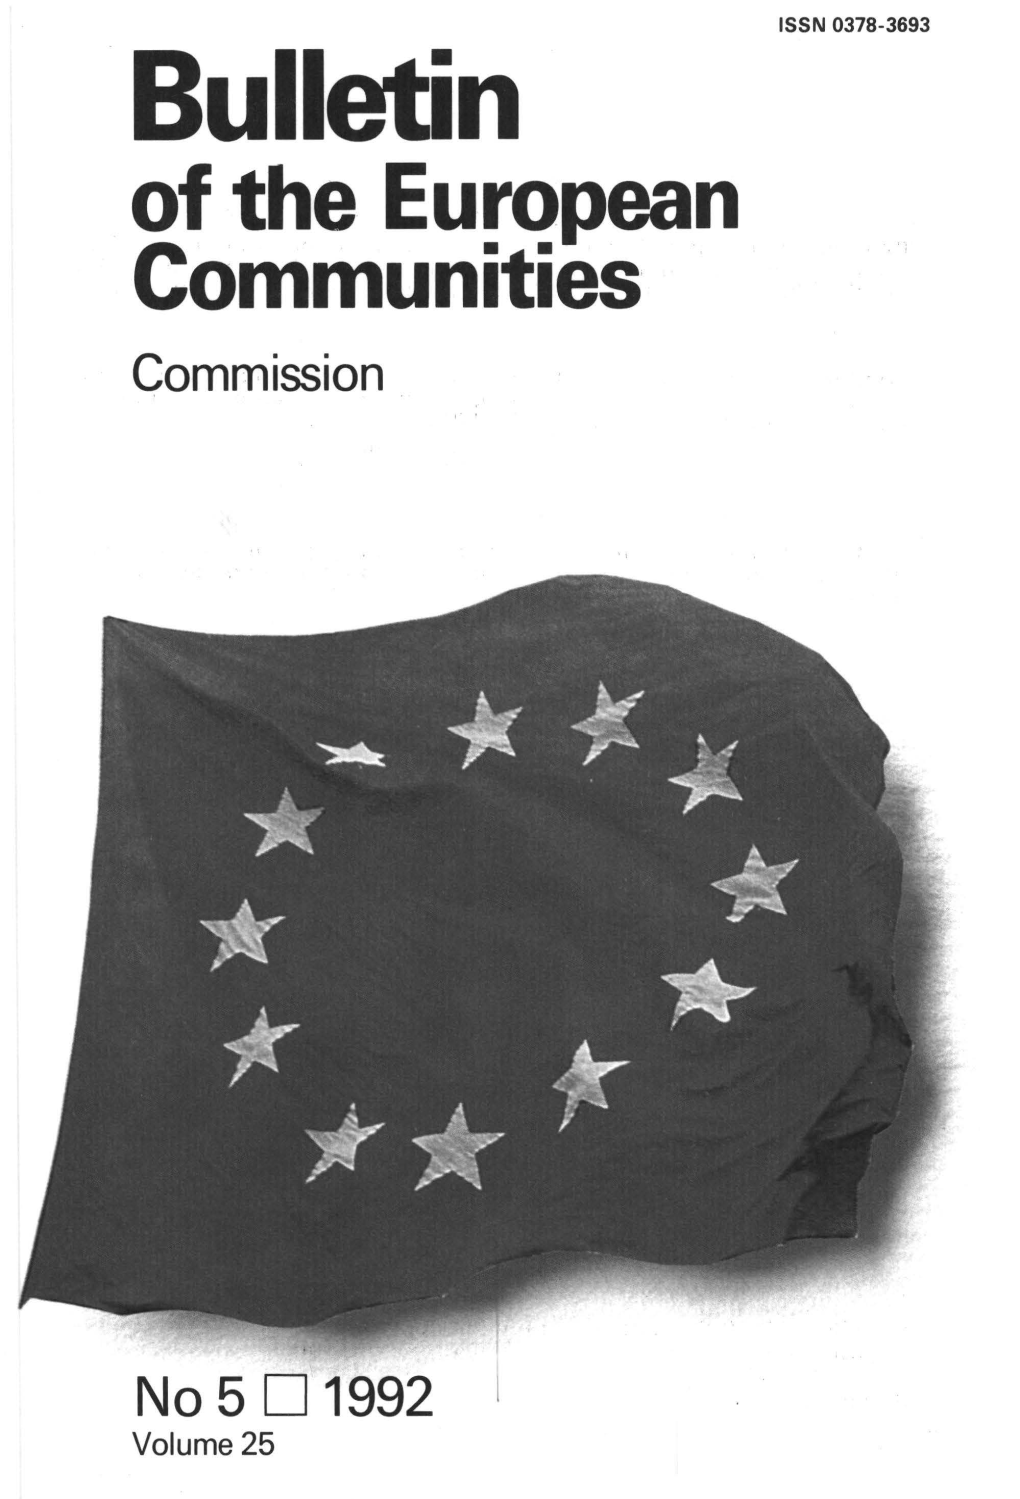 ·Bulletin of the European Communities Commission
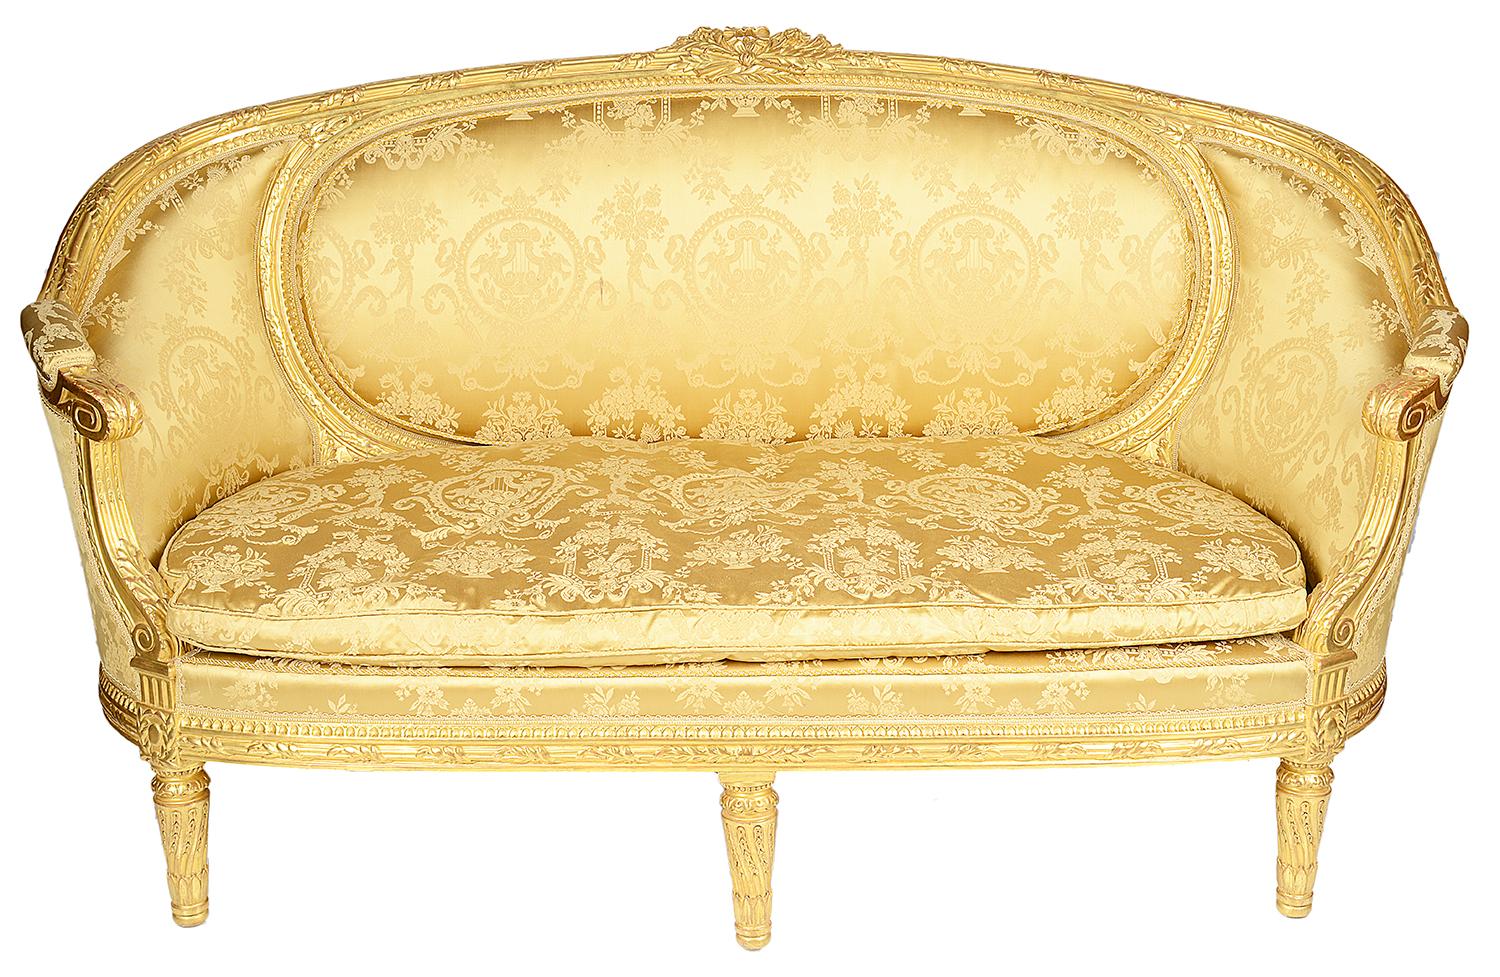 Giltwood Louis XVI Style Gilded French Salon Suite, 19th Century
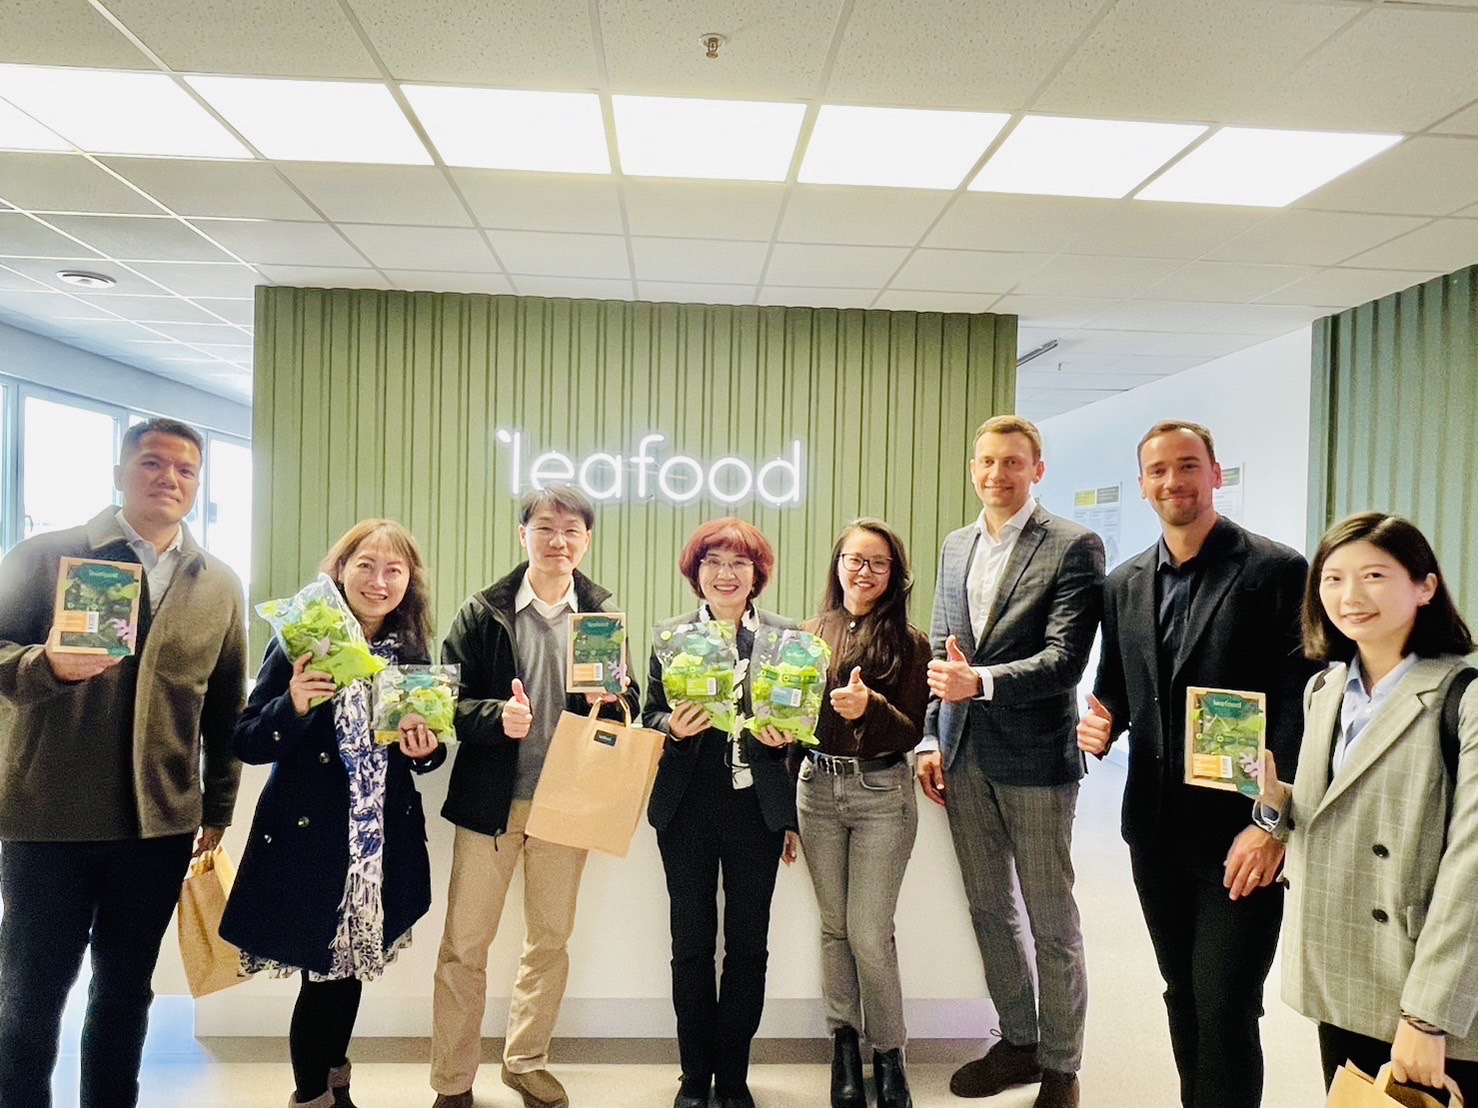 A delegation from Taiwan’s Ministry of Agriculture visited Leafood, an agribusiness that has introduced Taiwanese vertical farming technology into Lithuania.

****

> _What is required_: From the first line to the last, retype the material exactly and exclude the pictures.

> _Exercise answer_:
 ·Bulletin of the European Communities Commission
 Giltwood Louis XVI Style Gilded French Salon Suite, 19th Century
 A delegation from Taiwan’s Ministry of Agriculture visited Leafood, an agribusiness that has introduced Taiwanese vertical farming technology into Lithuania.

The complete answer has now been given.